Your goal: Go to the line that contains "Josefine, Mischtechnik auf", then write out that line and all that follow to the end of the listing, exactly and without pictures.

Exercise data:
=== Begin Enclosure ===

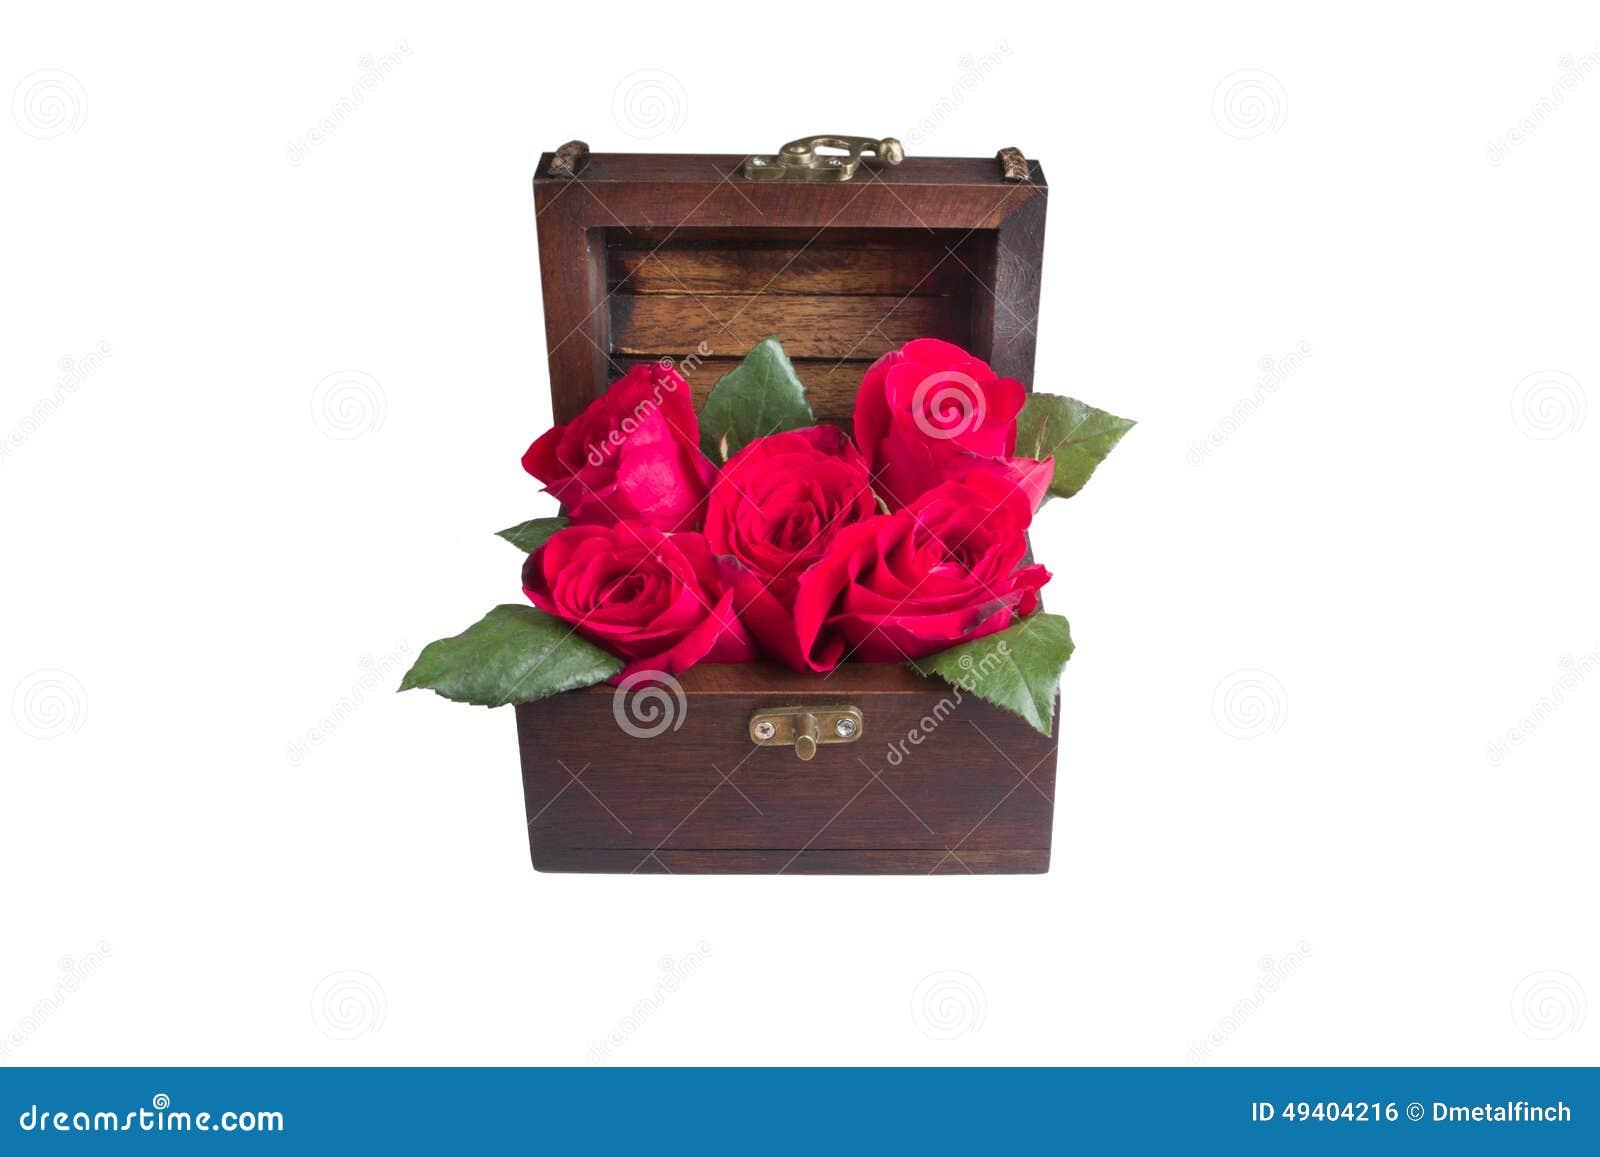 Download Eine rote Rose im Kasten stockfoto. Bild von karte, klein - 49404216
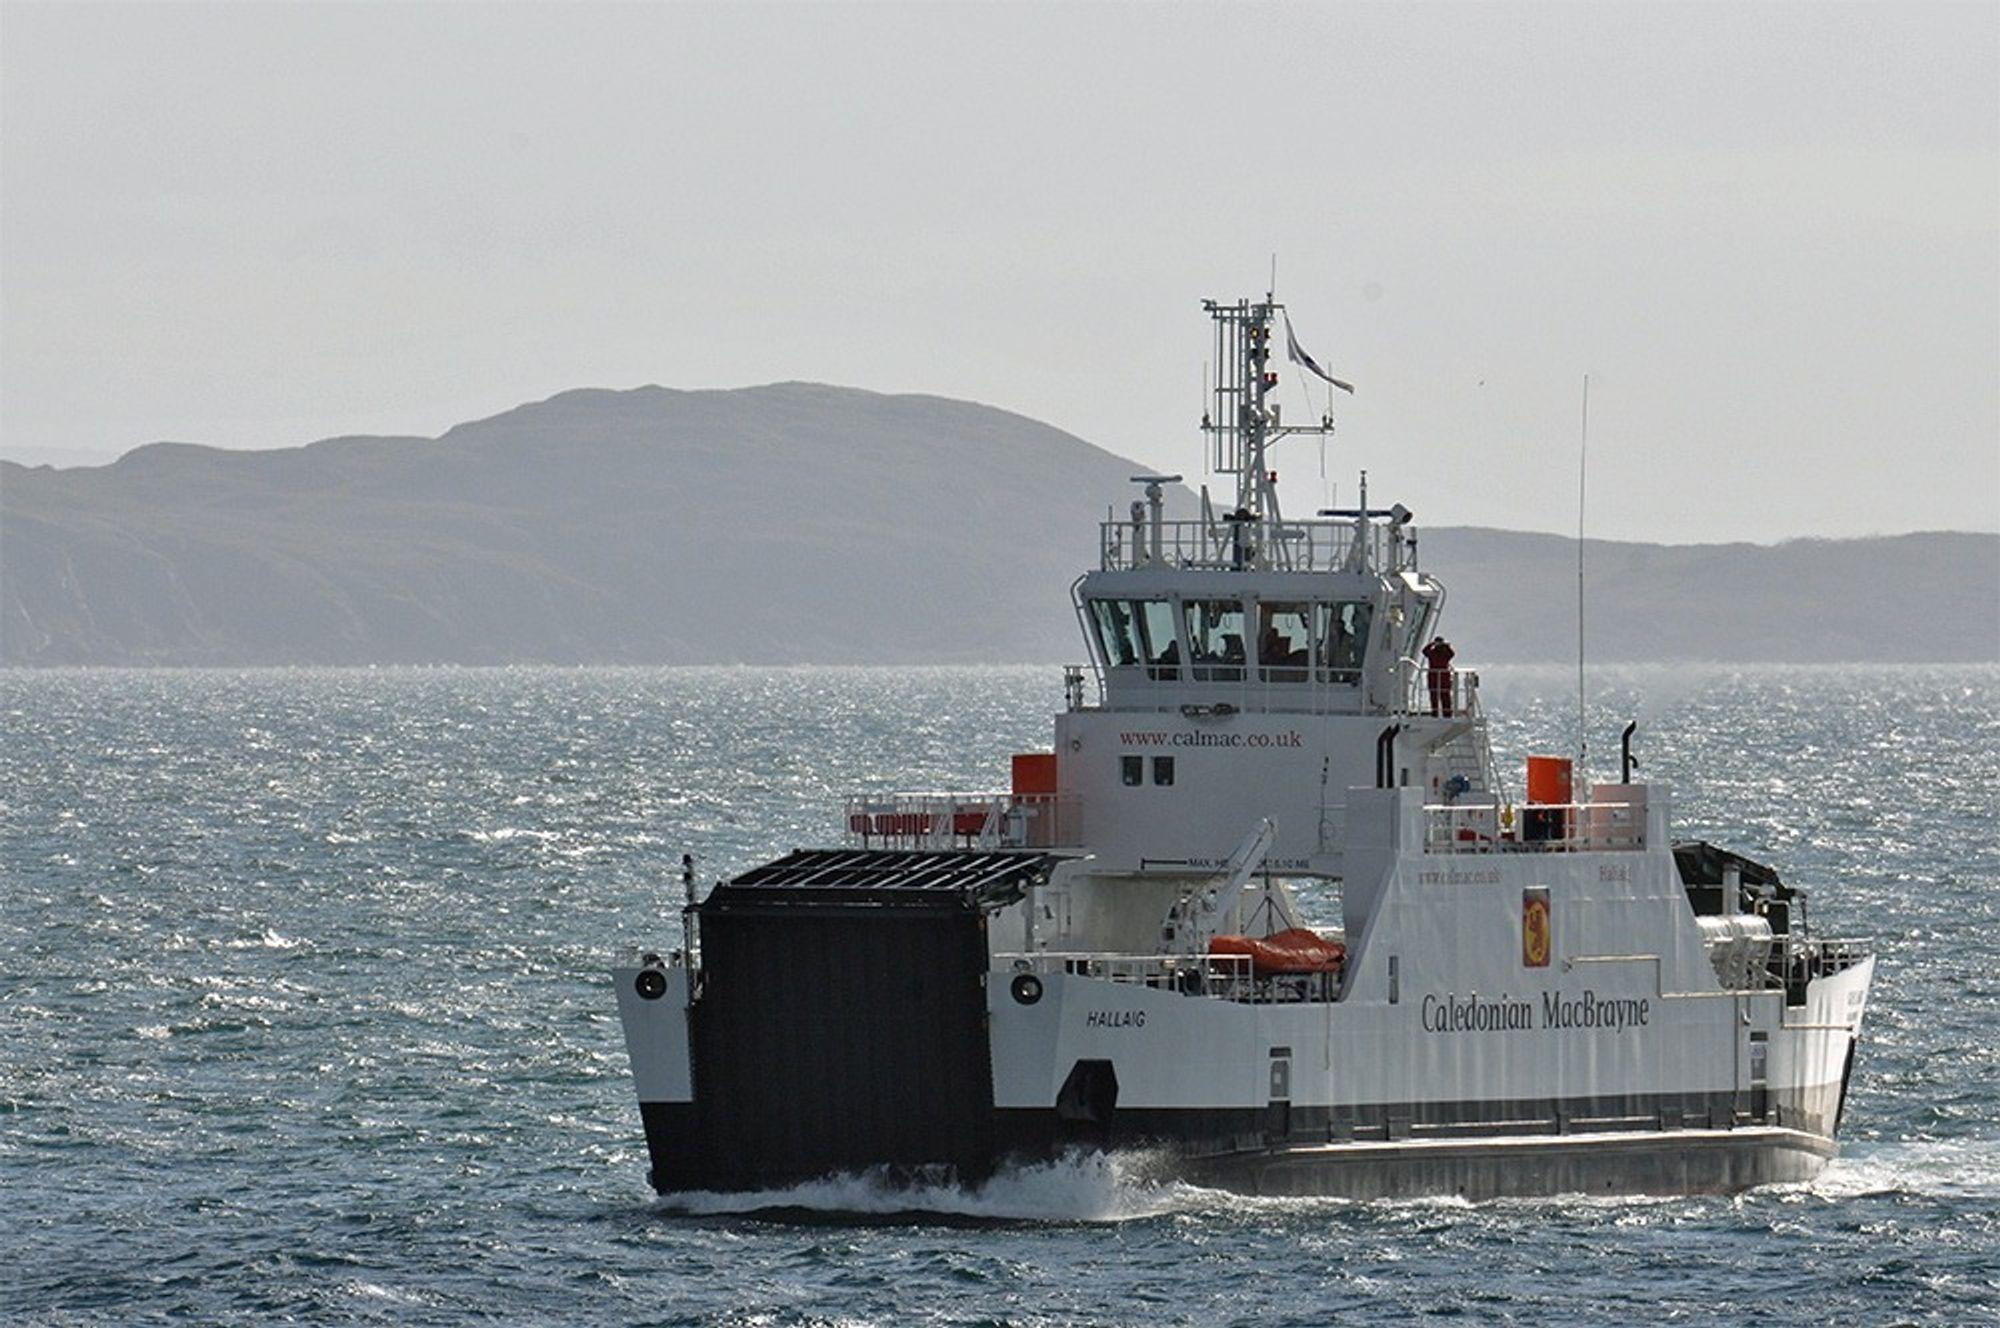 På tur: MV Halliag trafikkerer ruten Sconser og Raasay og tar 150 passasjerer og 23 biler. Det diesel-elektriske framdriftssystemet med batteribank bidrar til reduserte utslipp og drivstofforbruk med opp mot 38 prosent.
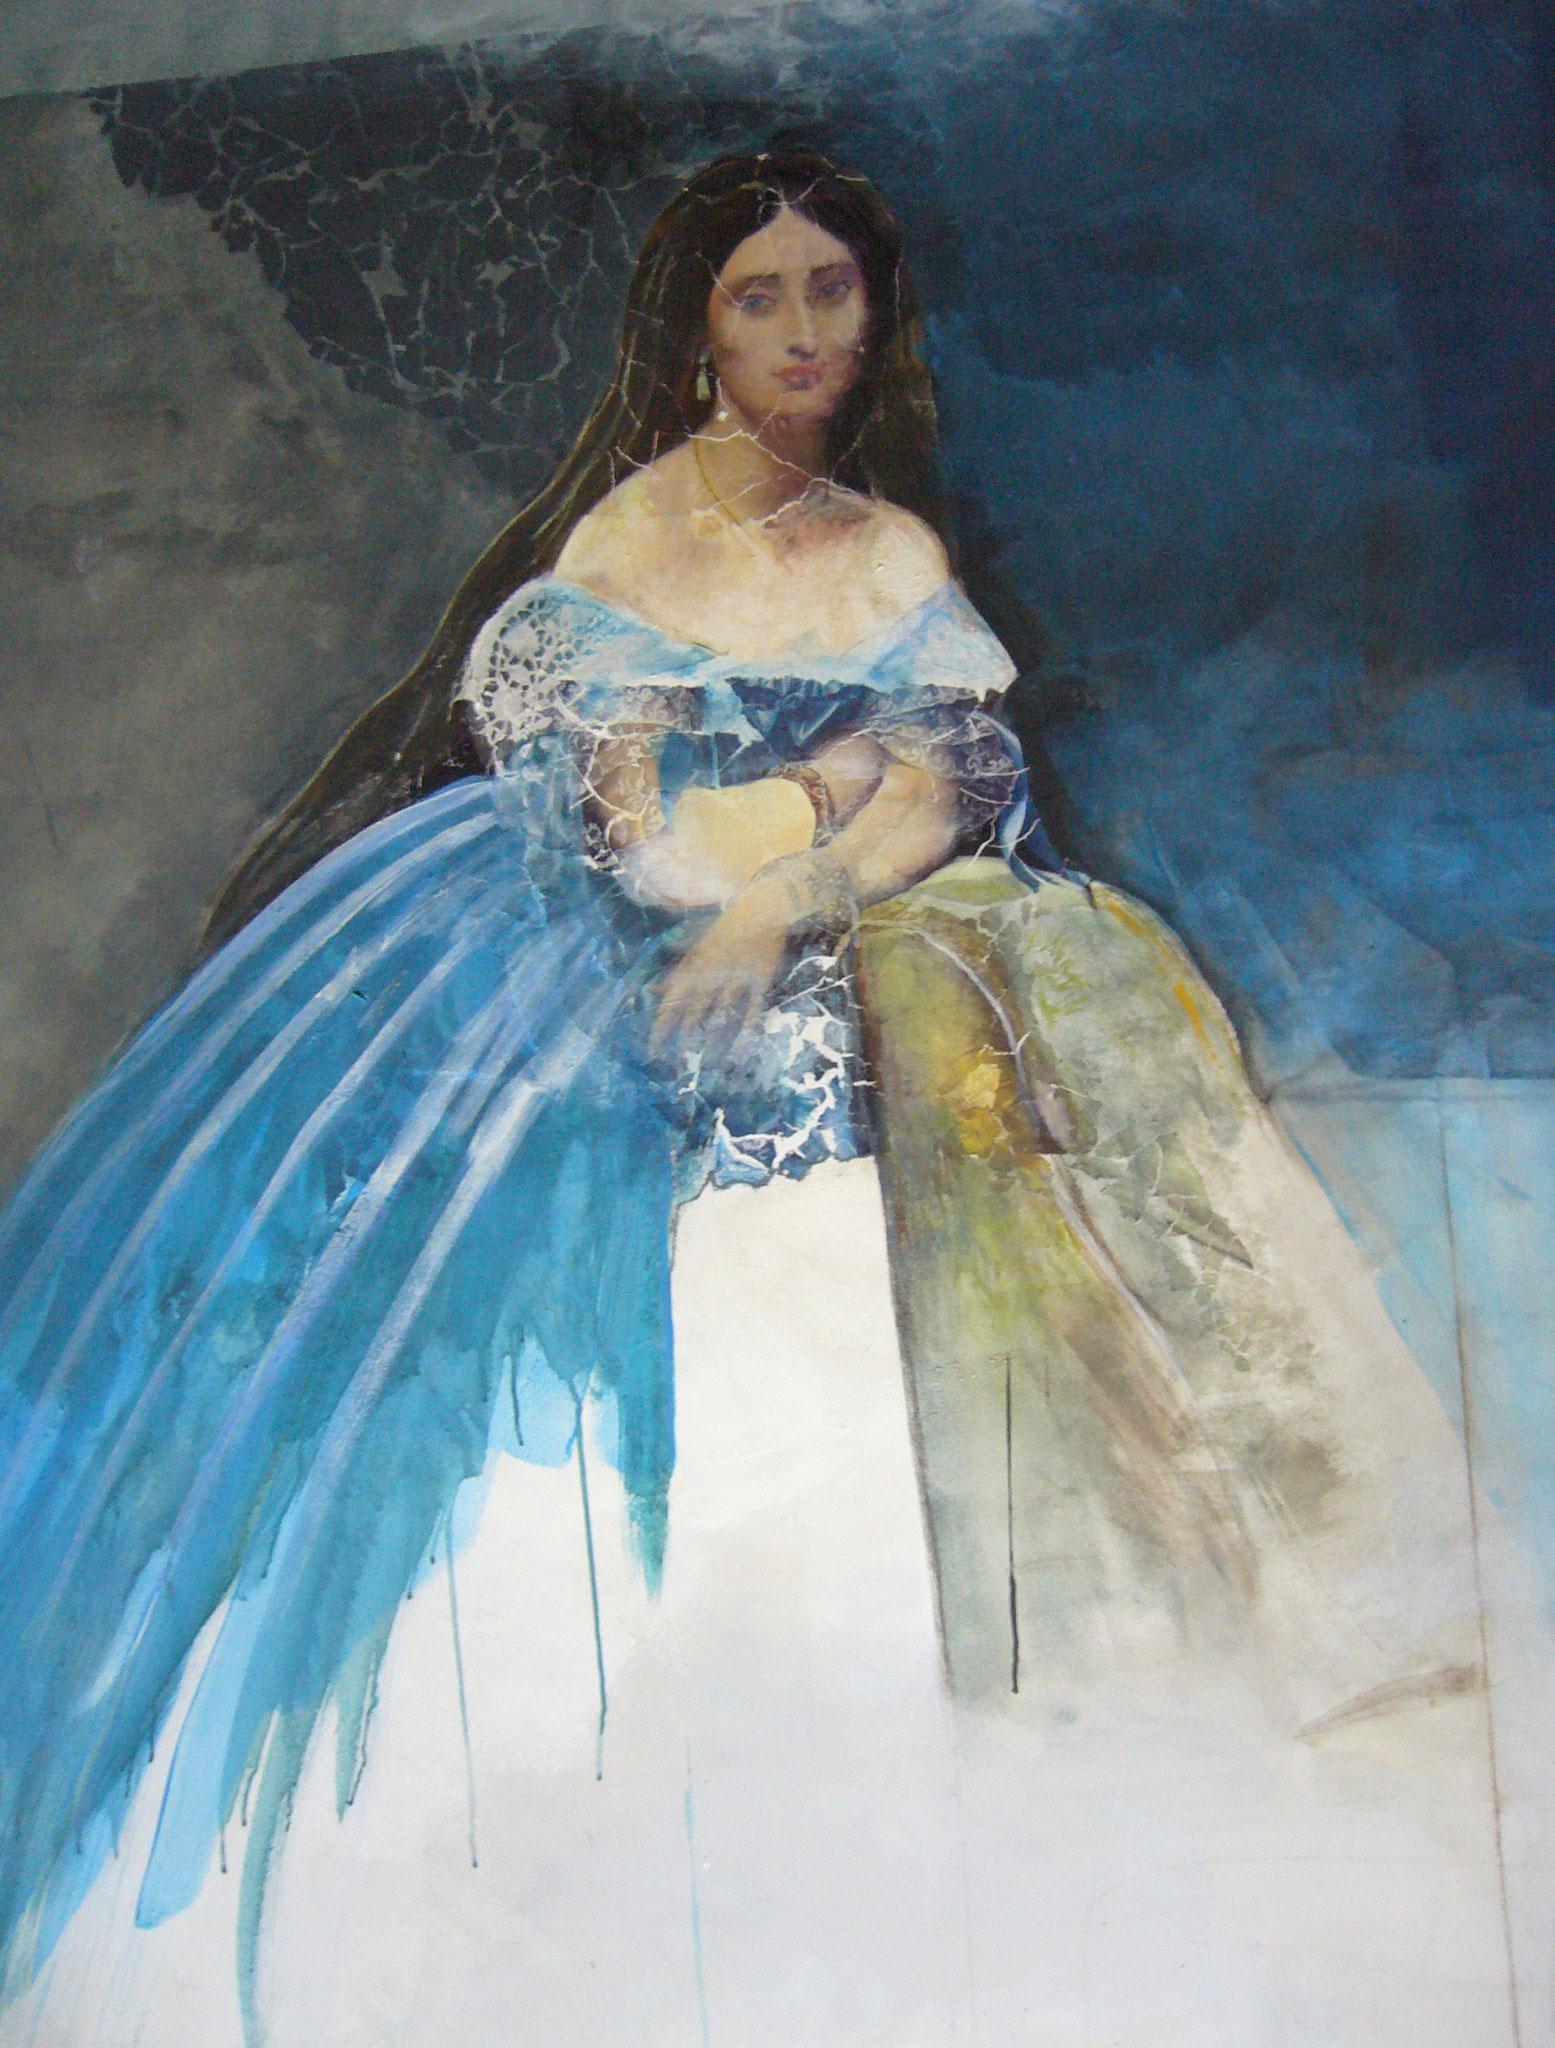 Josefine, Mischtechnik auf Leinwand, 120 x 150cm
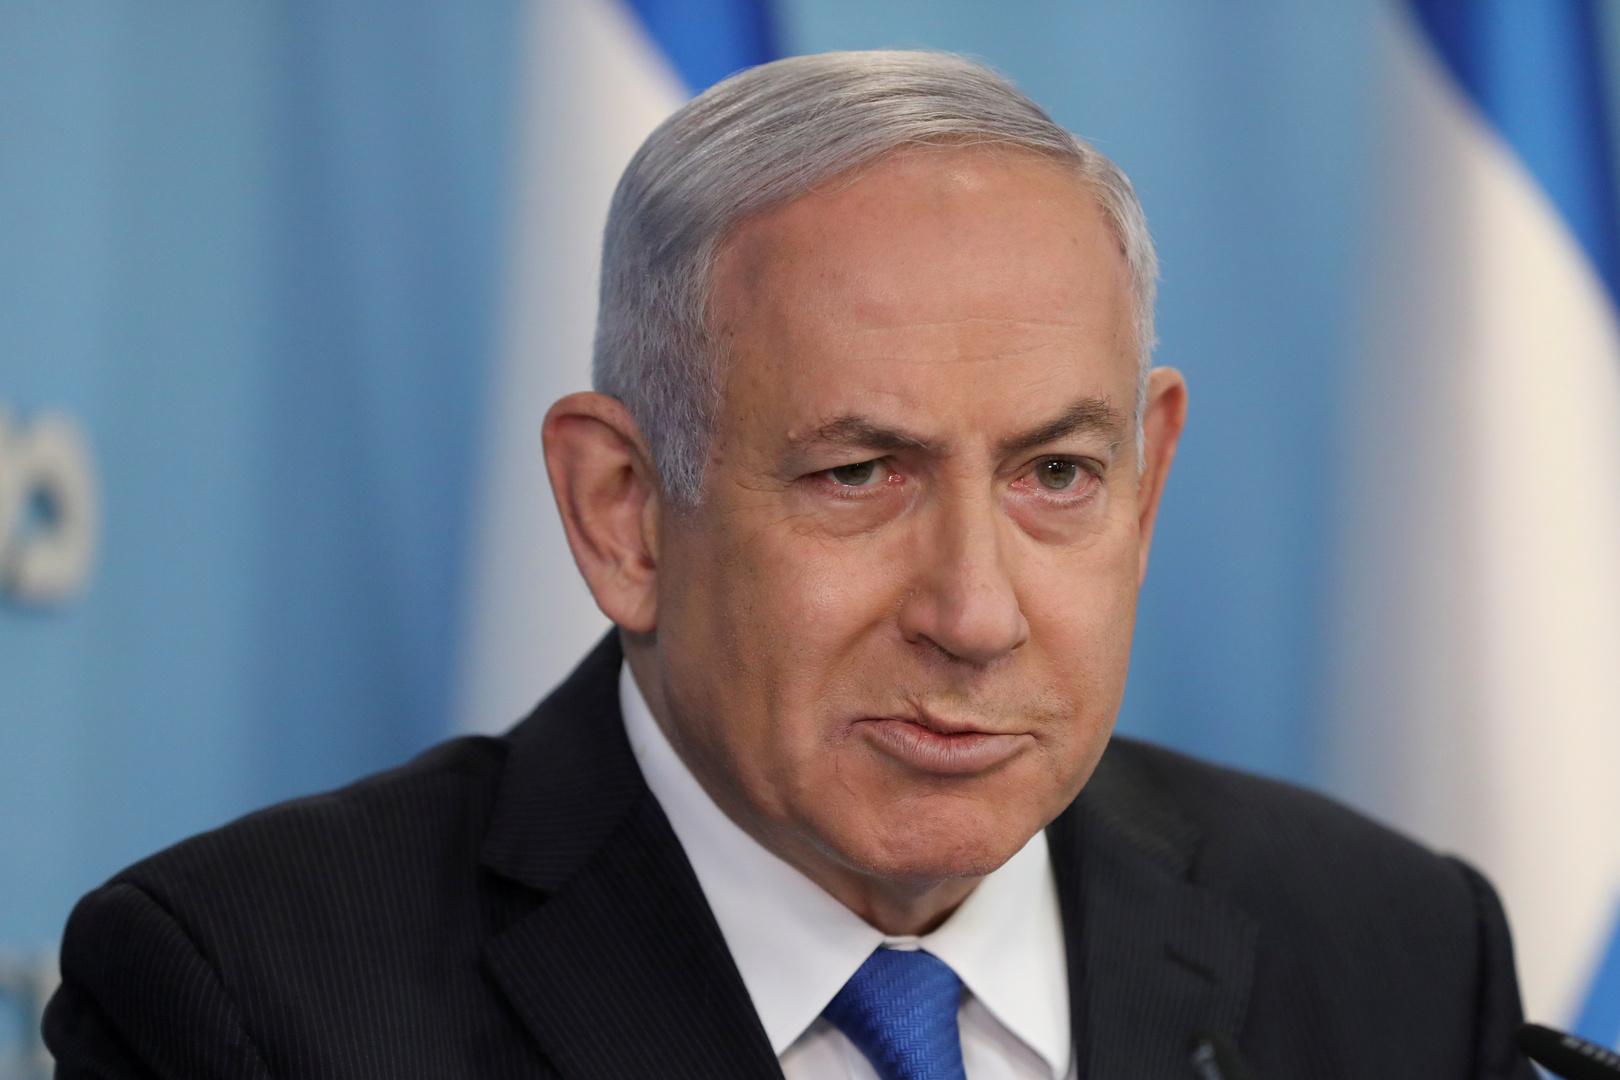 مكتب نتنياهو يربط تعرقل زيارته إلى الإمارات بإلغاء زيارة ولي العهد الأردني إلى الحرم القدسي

=== End Enclosure ===

Answer to the exercise:
 Josefine, Mischtechnik auf Leinwand, 120 x 150cm
 مكتب نتنياهو يربط تعرقل زيارته إلى الإمارات بإلغاء زيارة ولي العهد الأردني إلى الحرم القدسي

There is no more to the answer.